I tried as best I could to describe the source of my fears—the harsh realities of my neighborhood. As I talked, I noted Bud smiling. I thought to myself, He’s not understanding what I’m saying. So I continued, adding graphic detail to the descriptions of my city. But the more I talked, the bigger he smiled.
Finally, in vintage Bud fashion, he burst out in a hearty laugh. Then, in a strangely reflective yet joyful tone, he said, ‘What a tremendous opportunity!’
I thought he was crazy.
In actuality, he was right. I survived my stay at home. I even made new Christian friends who introduced me to a wonderful local church body. When I returned to Vienna after holidays, I made a plaque and hung it on my wall. It read, in big bright letters: ‘What a Tremendous Opportunity!’”
Ted and Shelly were longtime friends and staff members in Denver’s Youth for Christ ministry before they started dating. Back in the eighties an interracial couple was not that common. The North Dakota town Shelly and I grew up in was all white. In fact, I don’t recall interacting with any black Americans until I went to college. What we knew of black culture came from movies and TV: city riots in places like Detroit and LA., Martin Luther King, Malcolm X, civil rights marches, Sanford and Son, Julia, To Sir with Love, Guess Whose Coming to Dinner?.
When Shelly told her parents she was seriously dating a tall, dark, and handsome man with the emphasis on dark, they were alarmed. It took a long time for them to understand that this love was genuine. Ted remembers being grilled by his future in-laws, with emphasis placed on protecting their daughter in the inner city. Throughout the years, whenever the Travises visited Shelly’s family, Ted was singled out as “that black fellow married to one of those Samuelson girls.” But the provincial small town had its advantages too. The Travis children loved its freedom and safety, like being able to ride bikes anywhere they wanted.
After doing ministry in Buffalo and Chicago for a few years, Ted and Shelly recently returned to their Five Points neighborhood in Denver. After receiving a kidney transplant last year, Ted has a new lease on life; he doesn’t want to squander this gift. He is busy teaching what he has learned in urban ministry to the next generation of leaders.

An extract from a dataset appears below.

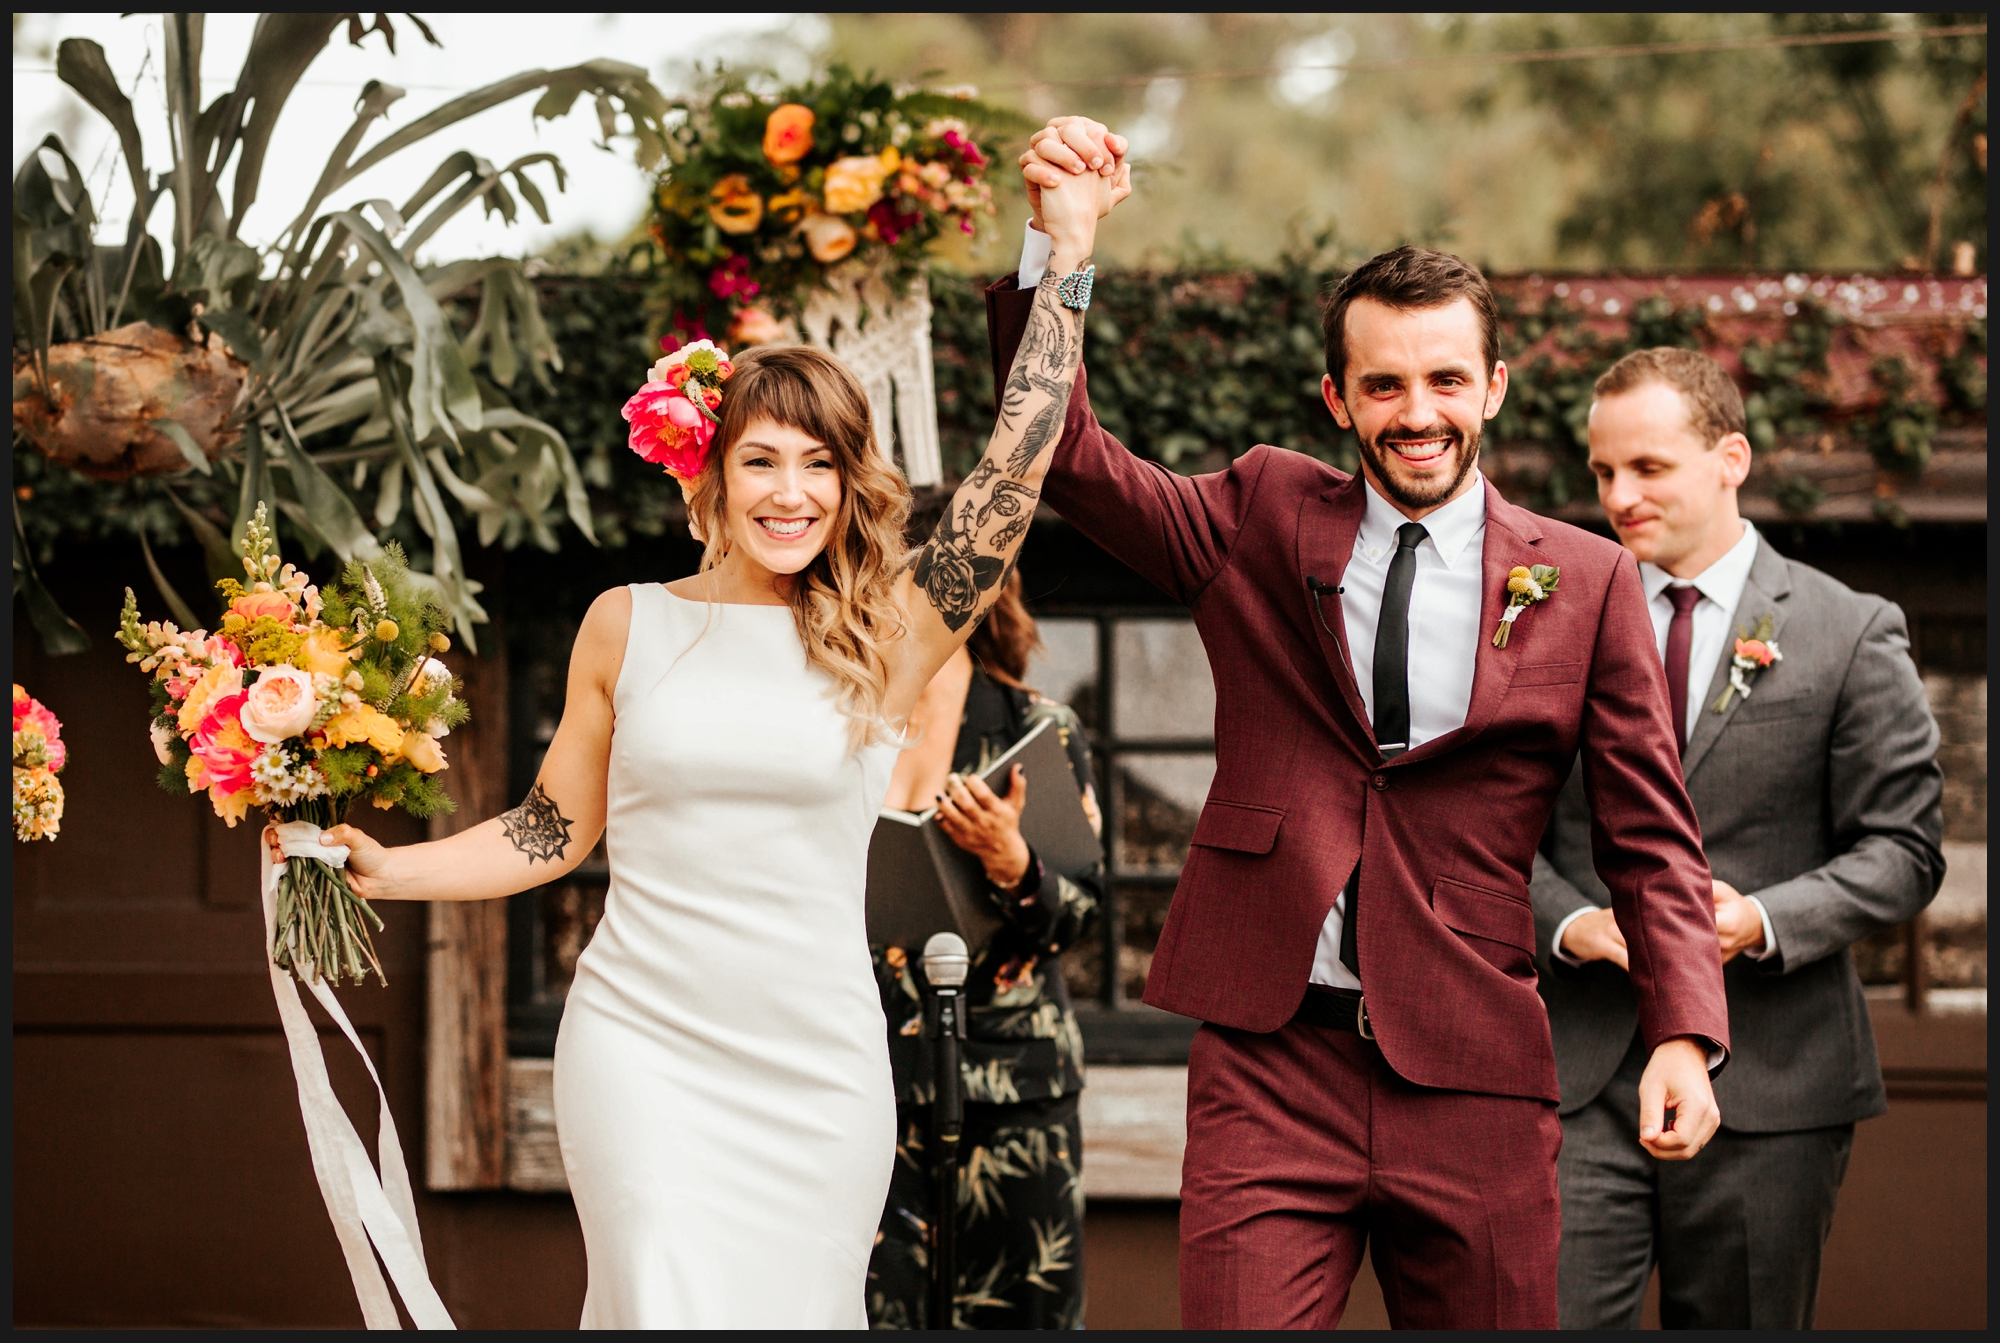 Orlando-Wedding-Photographer-destination-wedding-photographer-florida-wedding-photographer-bohemian-wedding-photographer_2011.jpg
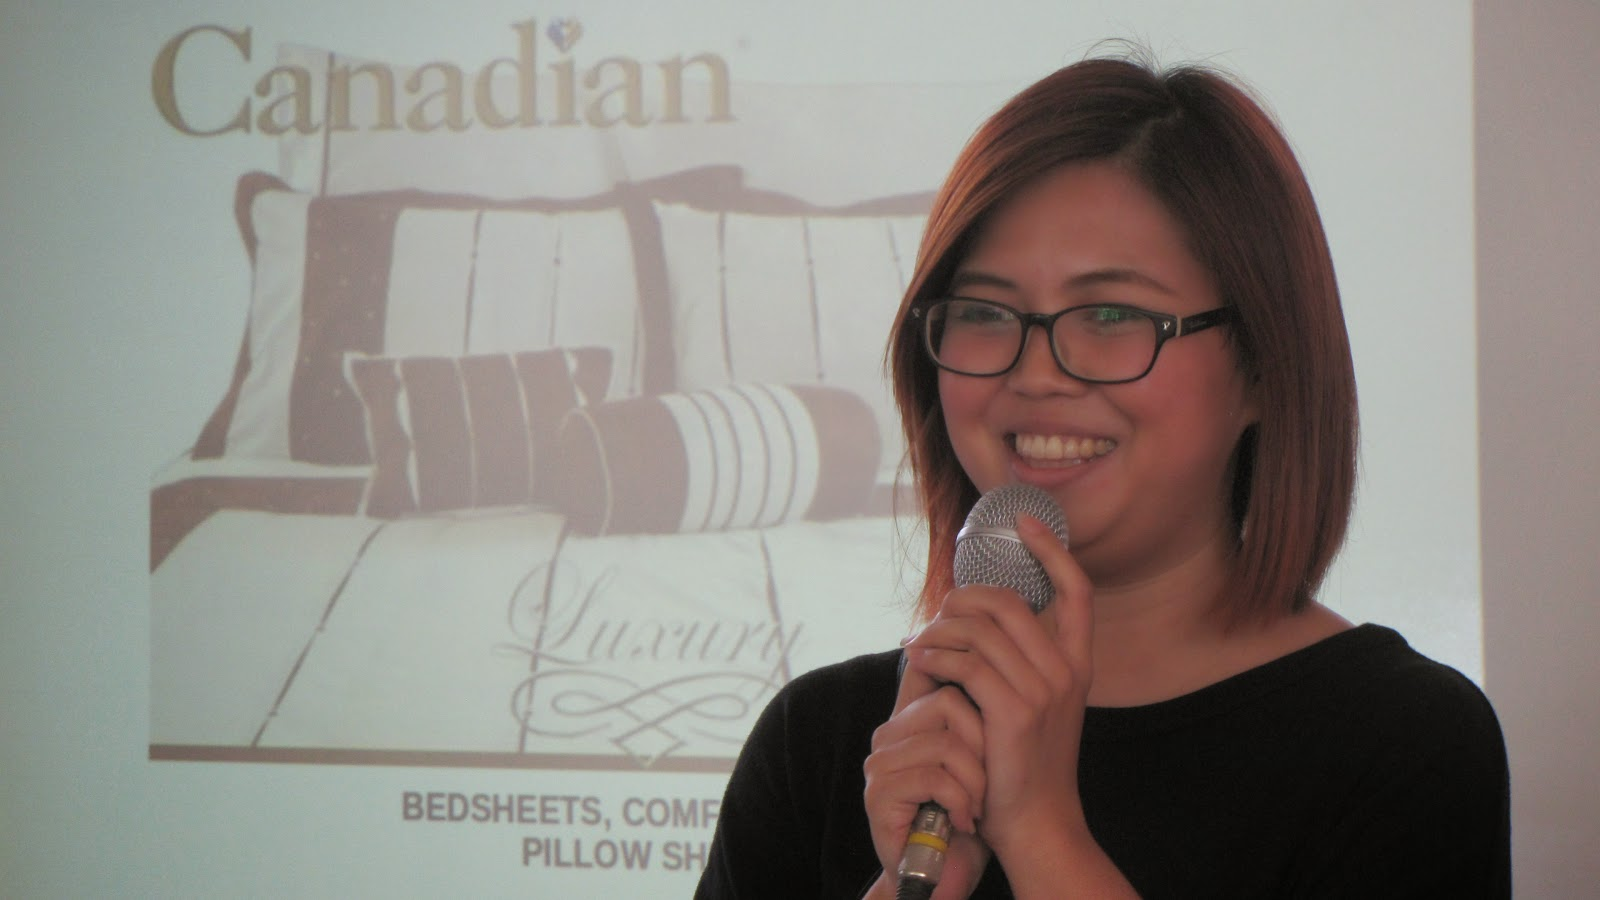 Canadian Beddings, Uratex Cebu

The Travis’s Denver neighborhood has changed over the years. It now has lot of “gentrys,” young professionals who enjoy city life and are rehabbing old homes. Their demand for housing has pushed many poor out of a neighborhood becoming less and less affordable. Ted and Shelly, renting an apartment, live a stone’s throw from the house they raised their family in. Some of their neighbors are from countries like the Congo. The changing geography presents challenges, but Ted and Shelly emphasize that people shouldn’t be afraid. The mission field has come to the back door. We should take this change as a tremendous opportunity to love our neighbors as ourselves.